Of course, that last property is lost in the translation to JavaScript, but otherwise this code works.
First the initial data type, expressions with values and addition.
Expr = function(f) Data(function(expr) ({ In: f(expr) }))
Plus = function(f, g) Data(function(_, e) ({ Inl: f(e), Inr: g(e) }))
ValT = Data(function(_, e) ({ Val: Number }))
AddT = Data(function(_, e) ({ Add: [e, e] }))
ExprValAdd = Expr(Plus(ValT, AddT))
Next, we create an evaluation function with fold.
var evalAlgebra = {
Val: function(x) x,
Add: function(e1, e2) e1 + e2,
In: id, Inl: id, Inr: id
};
var ev = ExprValAdd.fold(evalAlgebra)
var val = function(x) In(Val(x))
var add = function(x, y) In(Add(x, y))
>>> ev(add(val(30000), add(val(1330), val(7)))) 31337
Now we can add multiplication to the expression type.
MulT = Data(function(_, e) ({ Mul: [e, e] }))
var mul = function(x, y) In(Mul(x, y))
ExprValAddMul = Expr(Plus(ValT, Plus(AddT, MulT)))

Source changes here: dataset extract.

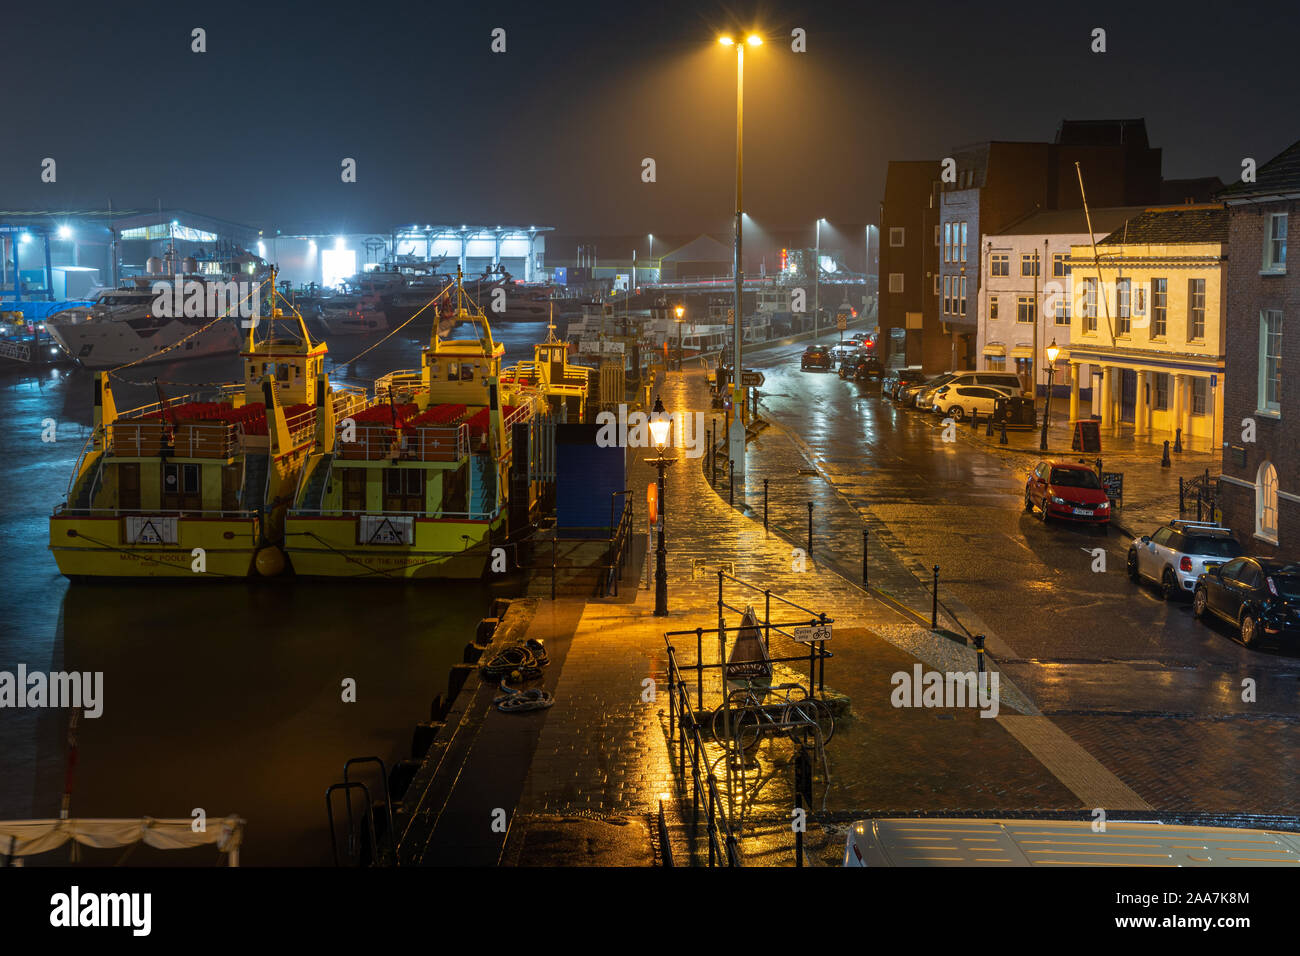 Poole, England, UK - October 3, 2019: Rain falls on the Quay and boats moored in Poole Harbour in Dorset. Stock Photo
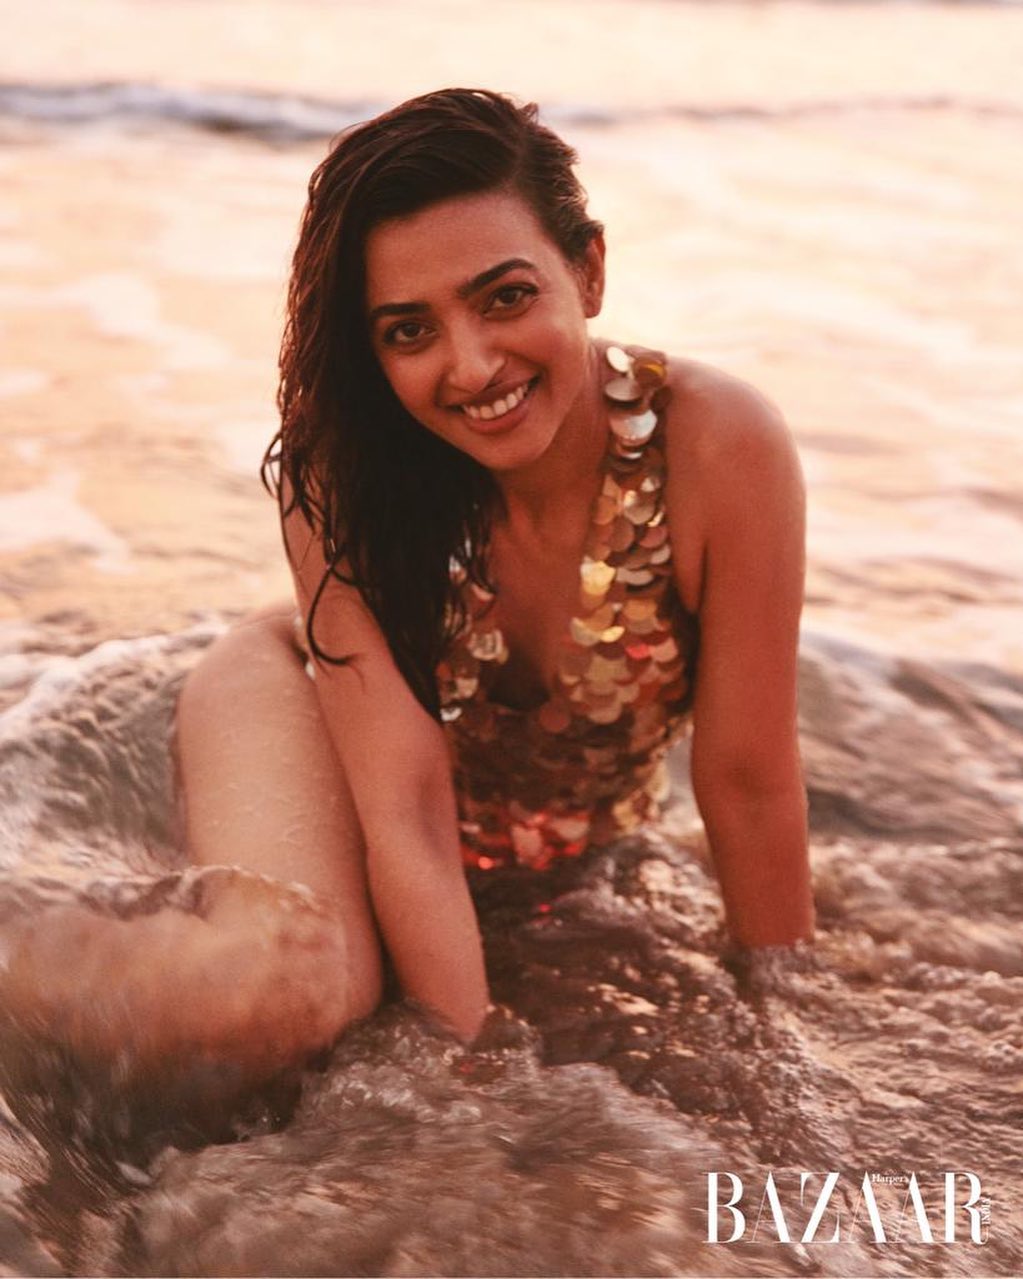 Radhika Apte looks gorgeous in the sequinned swimsuit.

evalAlgebra.Mul = function(e1, e2) e1 * e2
var ev = ExprValAddMul.fold(evalAlgebra)
>>> ev(add(mul(val(80), val(5)), val(4))) 404
And finally we add a render function.
var render = ExprValAddMul.fold({
Val: function(x) "" + x,
Add: function(e1, e2) "(" + e1 + " + " + e2 + ")",
Mul: function(e1, e2) "(" + e1 + " * " + e2 + ")",
In: id, Inl: id, Inr: id
})
>>> render(add(mul(val(80), val(5)), val(4))) ((80 * 5) + 4)